Final answer:
The equilibrium price for dog clothing is 35, and the equilibrium quantity is 150 units. This is found by setting the demand function equal to the supply function, solving for the price, and then finding the quantity using the determined price.
Step-by-step explanation:
To find the equilibrium price and quantity for dog clothing, we set the demand function Qd equal to the supply function Qs.
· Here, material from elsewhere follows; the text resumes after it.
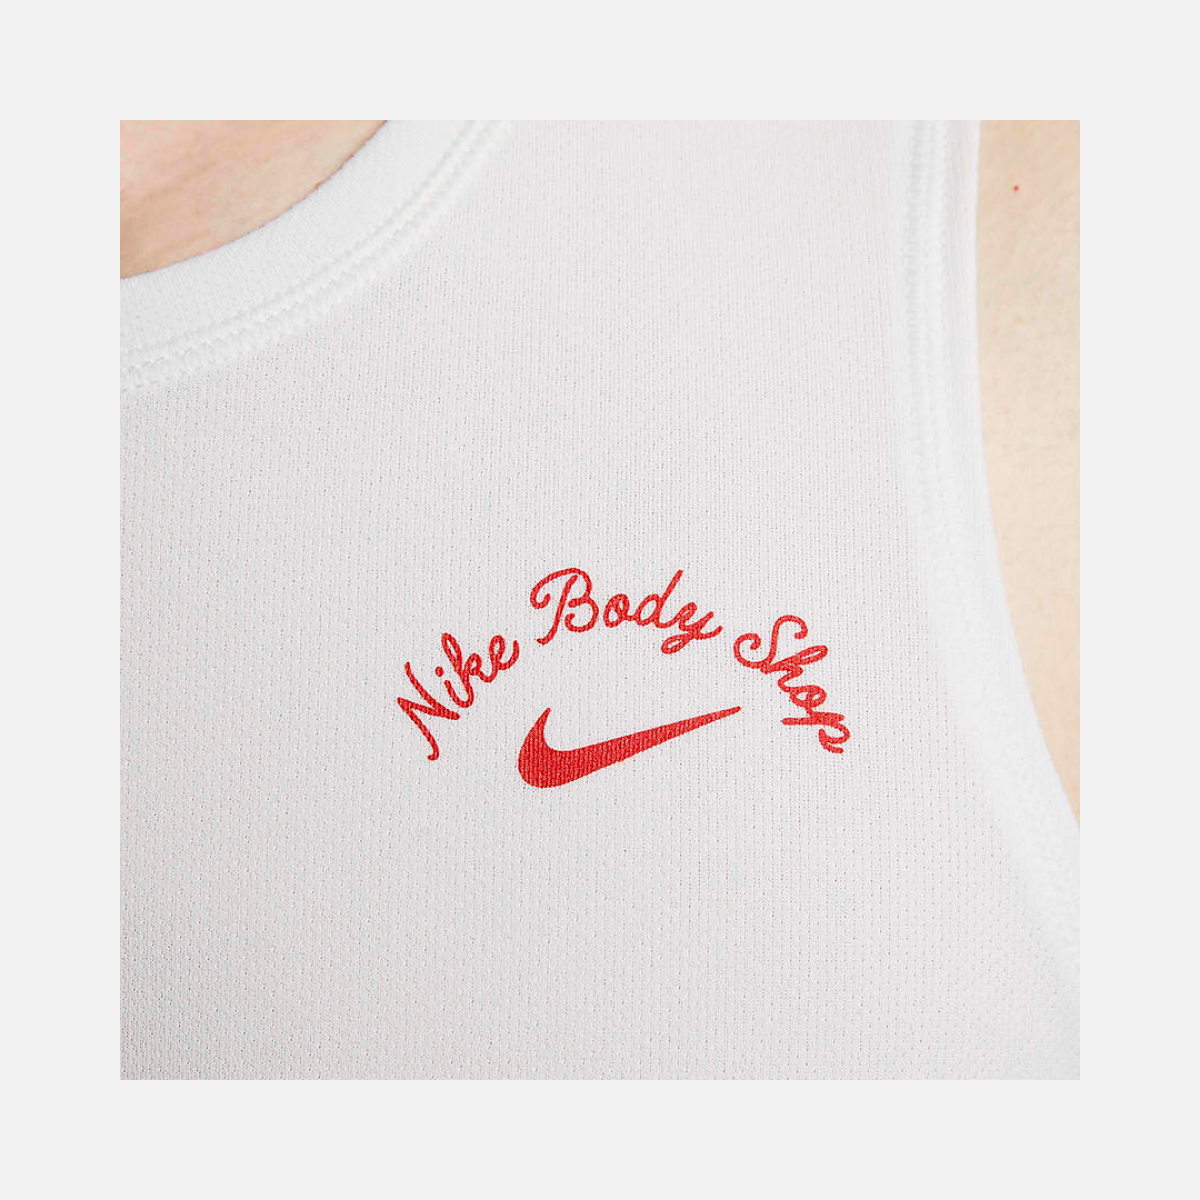 Nike Dri-FIT Miler Men's Running Tank -White/red

Given the equations Qd = 500 - 10P and Qs = 5P - 25, we solve for the price P where the quantity demanded equals the quantity supplied.
Solving for P, we have:
Set Qd equal to Qs: 500 - 10P = 5P - 25.
Combine like terms: 10P + 5P = 500 + 25.
Sum the P terms: 15P = 525.
Divide both sides by 15 to find P: P = 525 / 15.
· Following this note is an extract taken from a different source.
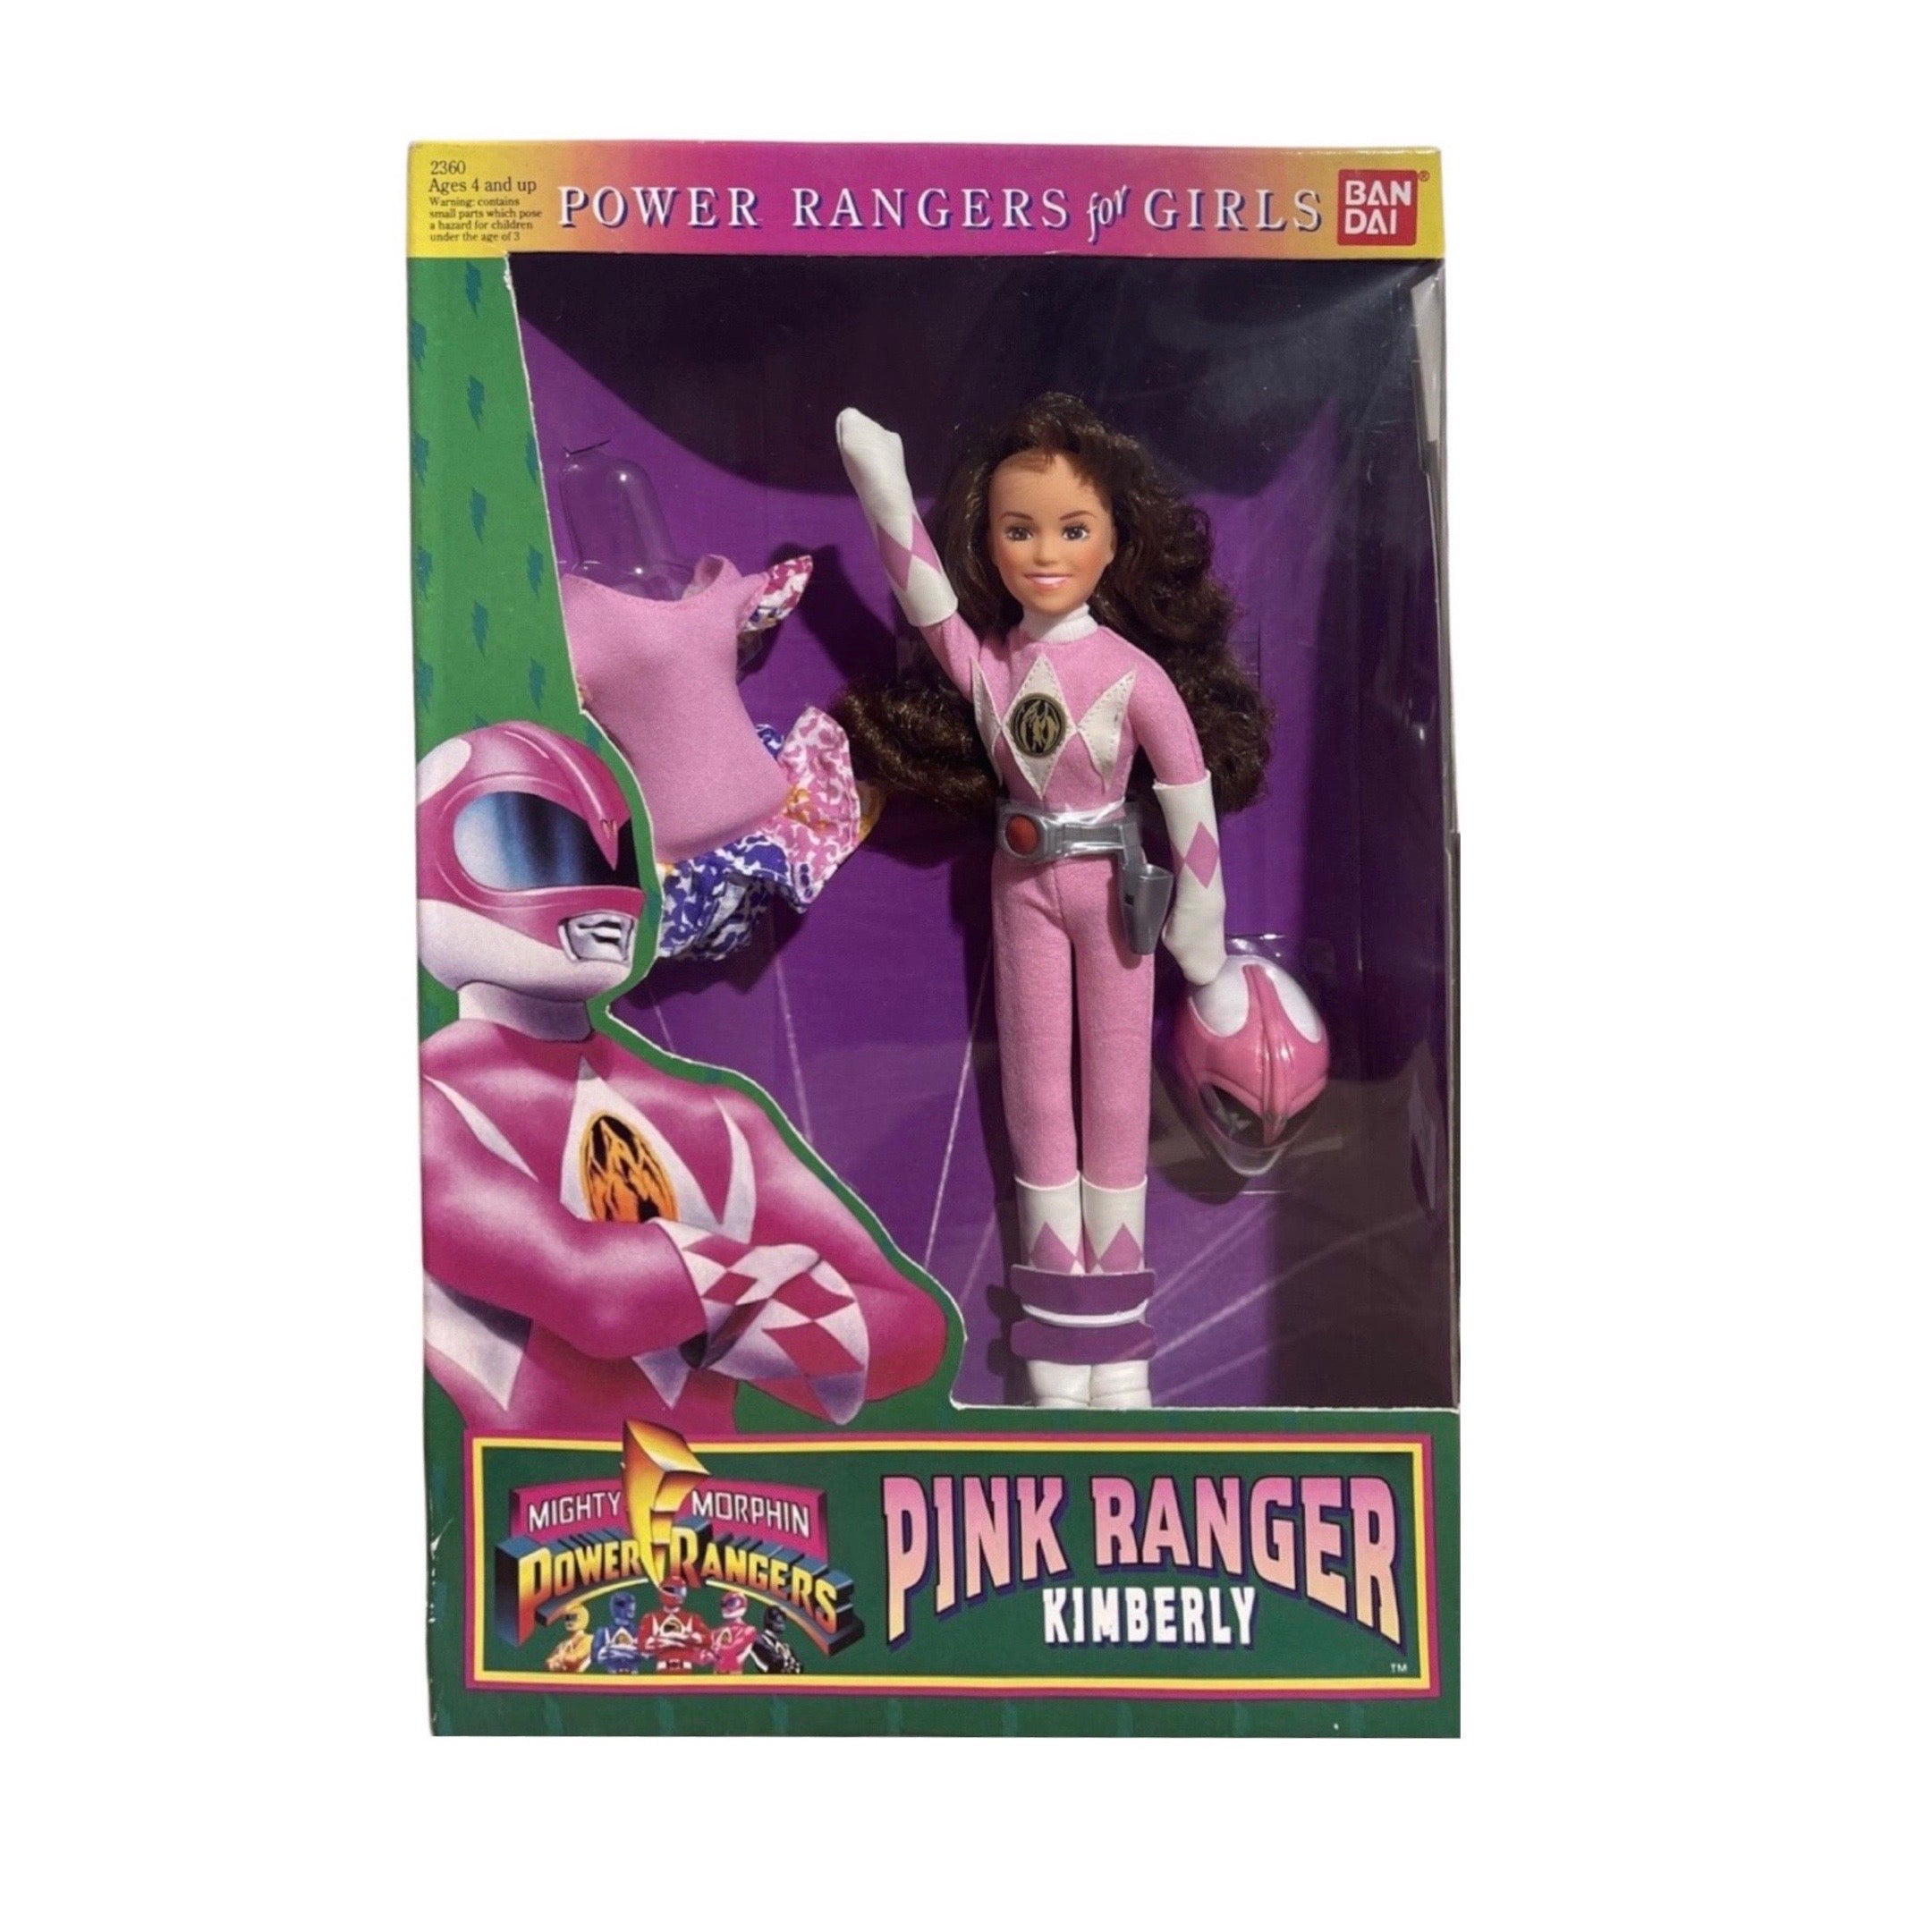 Vintage Power Rangers | Kimberly the Pink Ranger

Calculate the value of P: P = 35.
Now that we have the equilibrium price, P, we can find the equilibrium quantity by substituting P back into either the demand or supply equation. If we use the demand equation:
Substitute P = 35 into Qd: Qd = 500 - 10(35)
Calculate Qd: Qd = 500 - 350
Find the quantity: Qd = 150
Thus, the equilibrium price is 35 and the equilibrium quantity is 150 units of dog clothing.